* Task brief:
Pictures are to be excluded. Please print only the lines from the one containing "Biohort Komposter Monami" through the end of the data, exactly as they appear.

* Data provided:
○ ○ ○ ○ ○ ○ ○

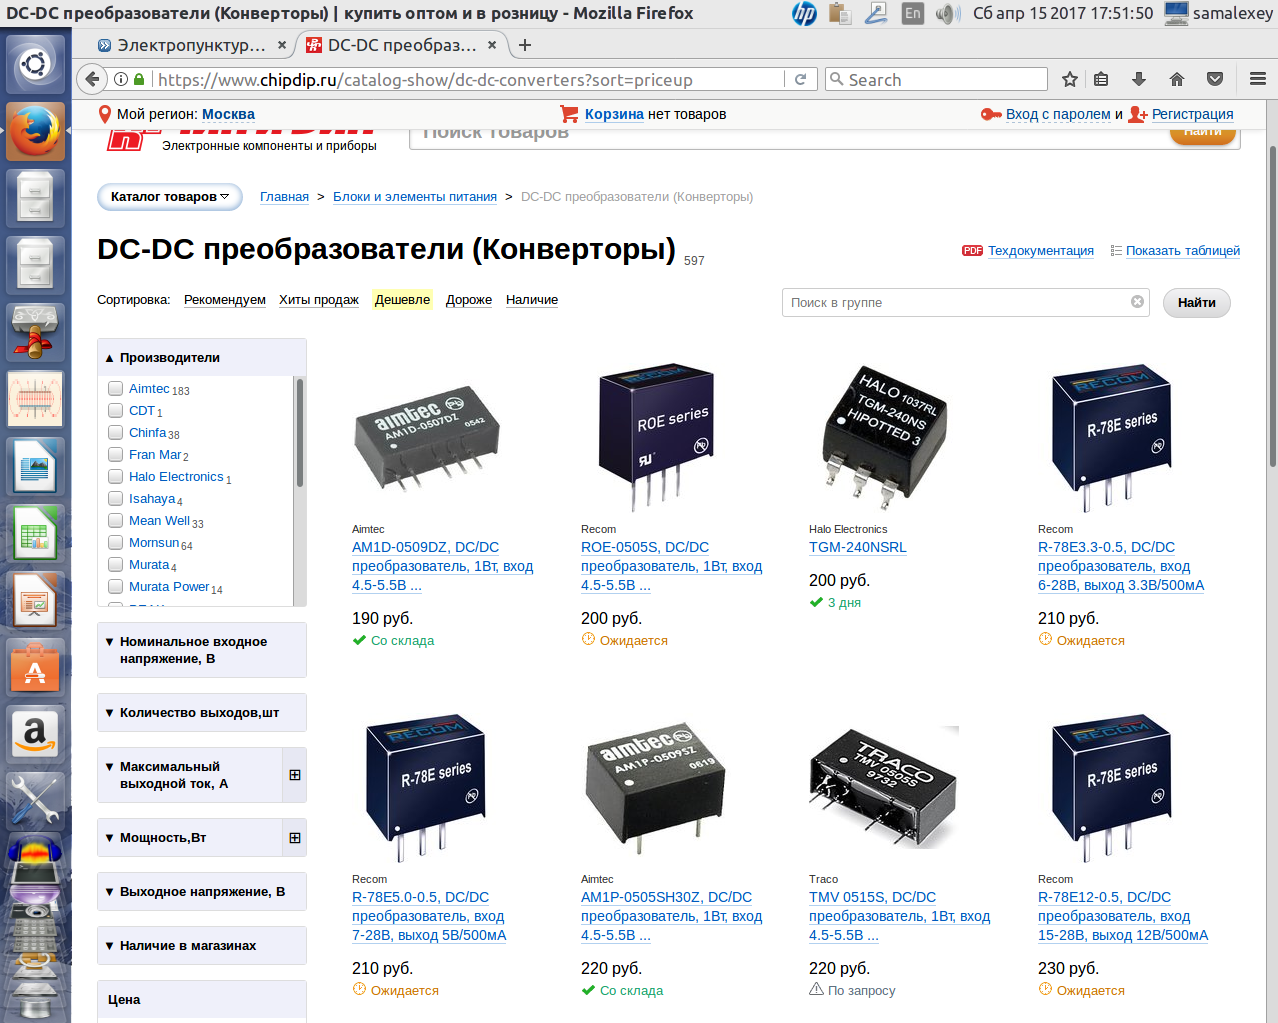 http://i3.imageban.ru/out/2017/04/15/ce18e5f22551b4efd66596c4b48b8fe3.png
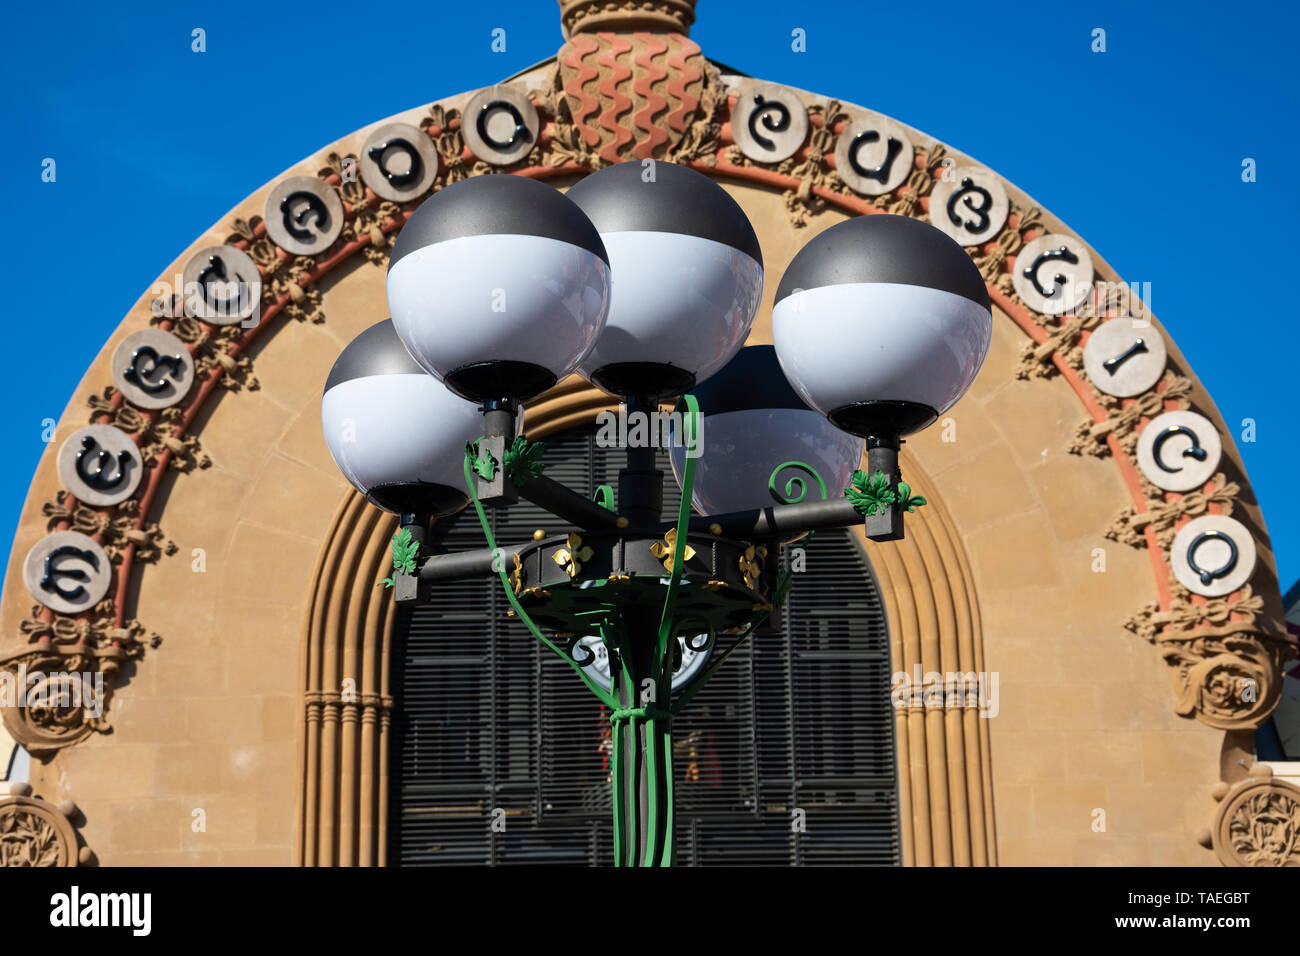 Tarragona, Spain. February 8, 2019. Public Market of Tarragona (Mercado Publico) - Stock Image
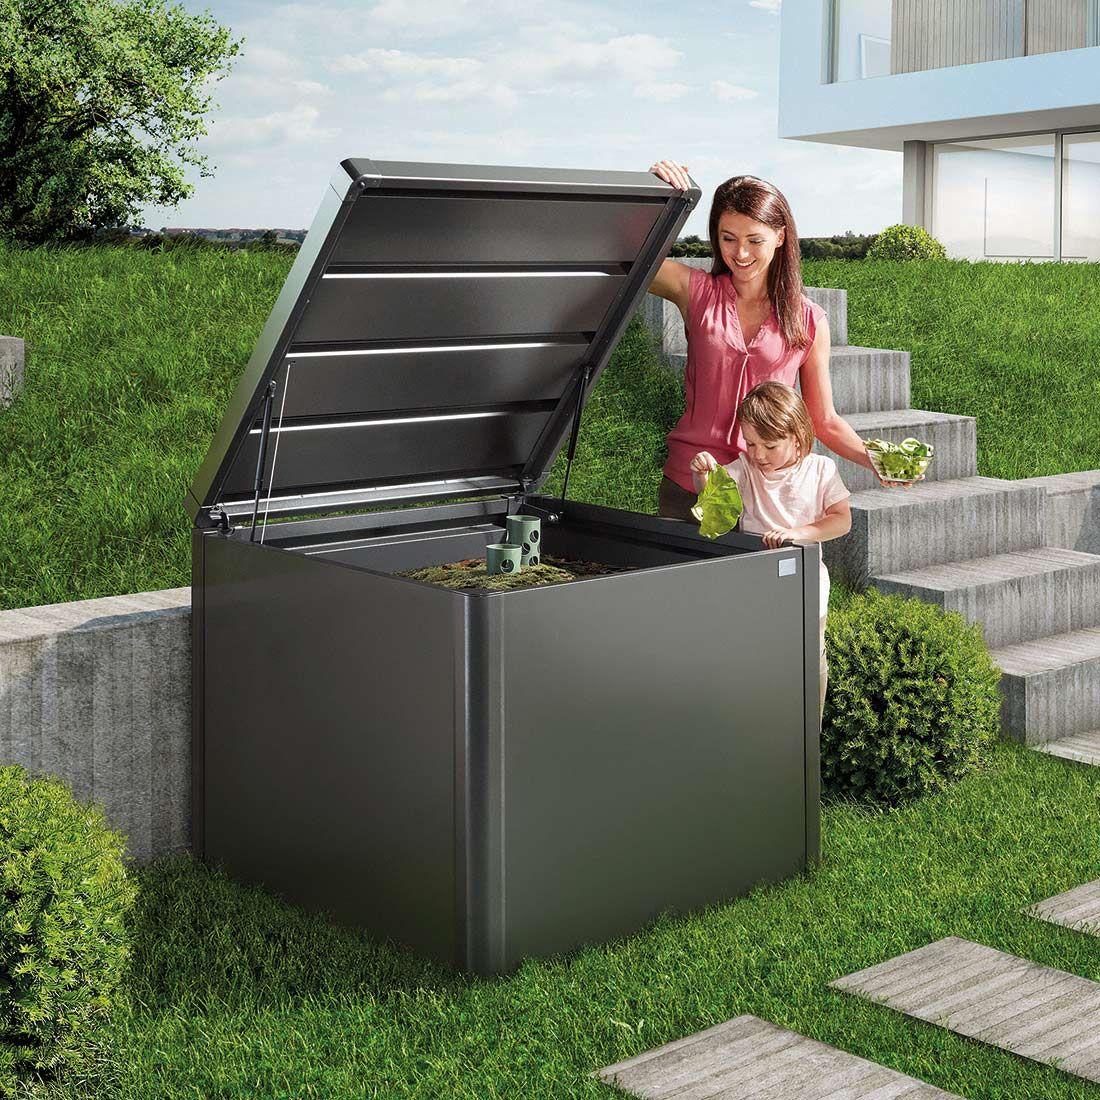 Biohort Komposter Monami Biohort Kompost Hochbeet
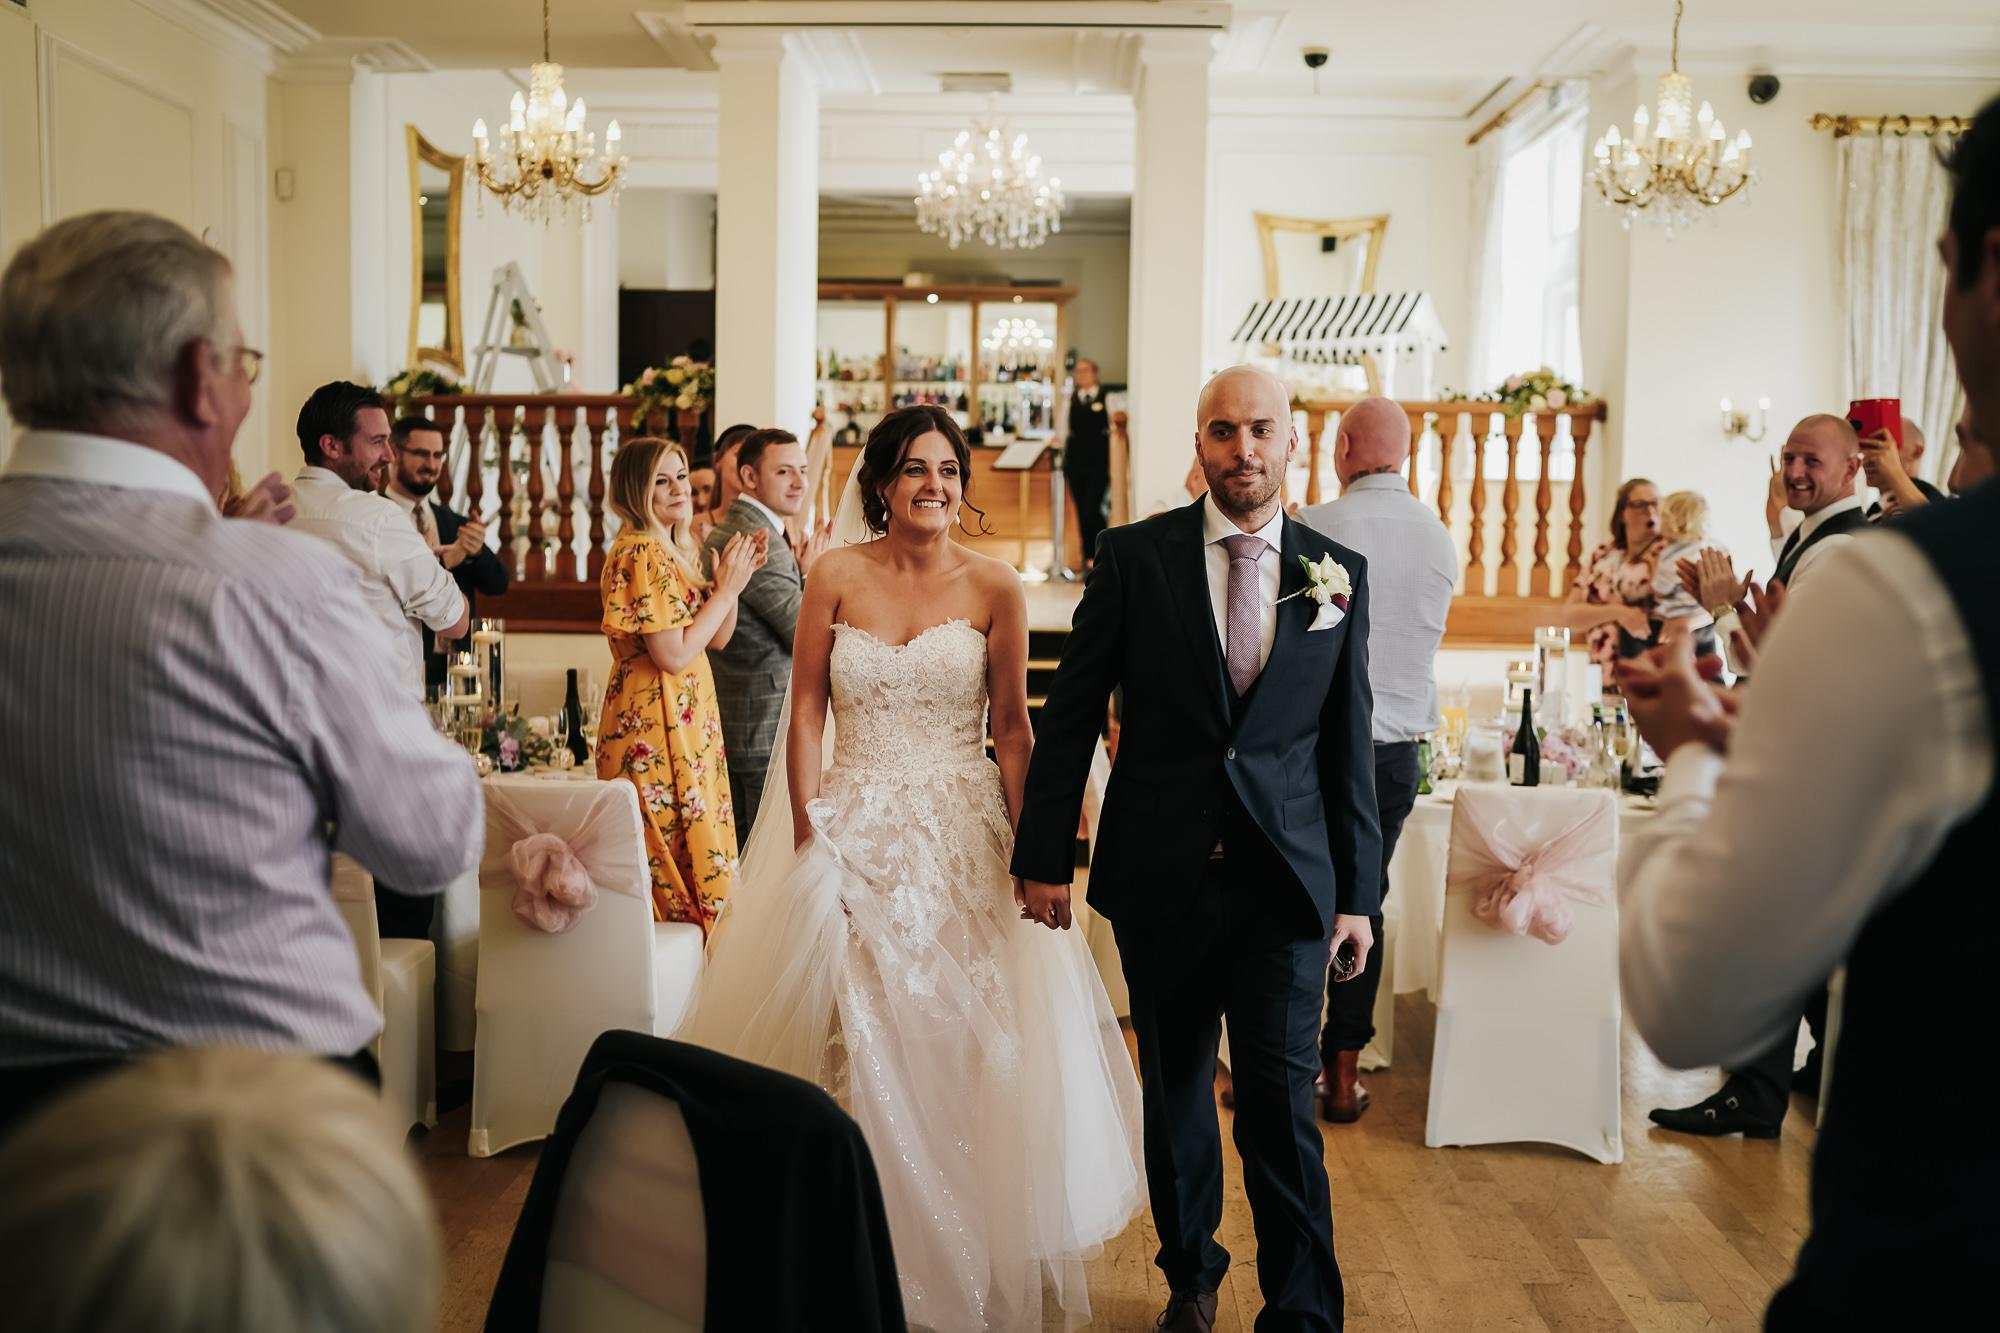 West Tower Wedding Venue Orkskirk Lancashire Wedding Photography cheshire wedding photographer (35 of 47).jpg

○ ○ ○ ○ ○ ○ ○

* The answer:
 Biohort Komposter Monami Biohort Kompost Hochbeet
 West Tower Wedding Venue Orkskirk Lancashire Wedding Photography cheshire wedding photographer (35 of 47).jpg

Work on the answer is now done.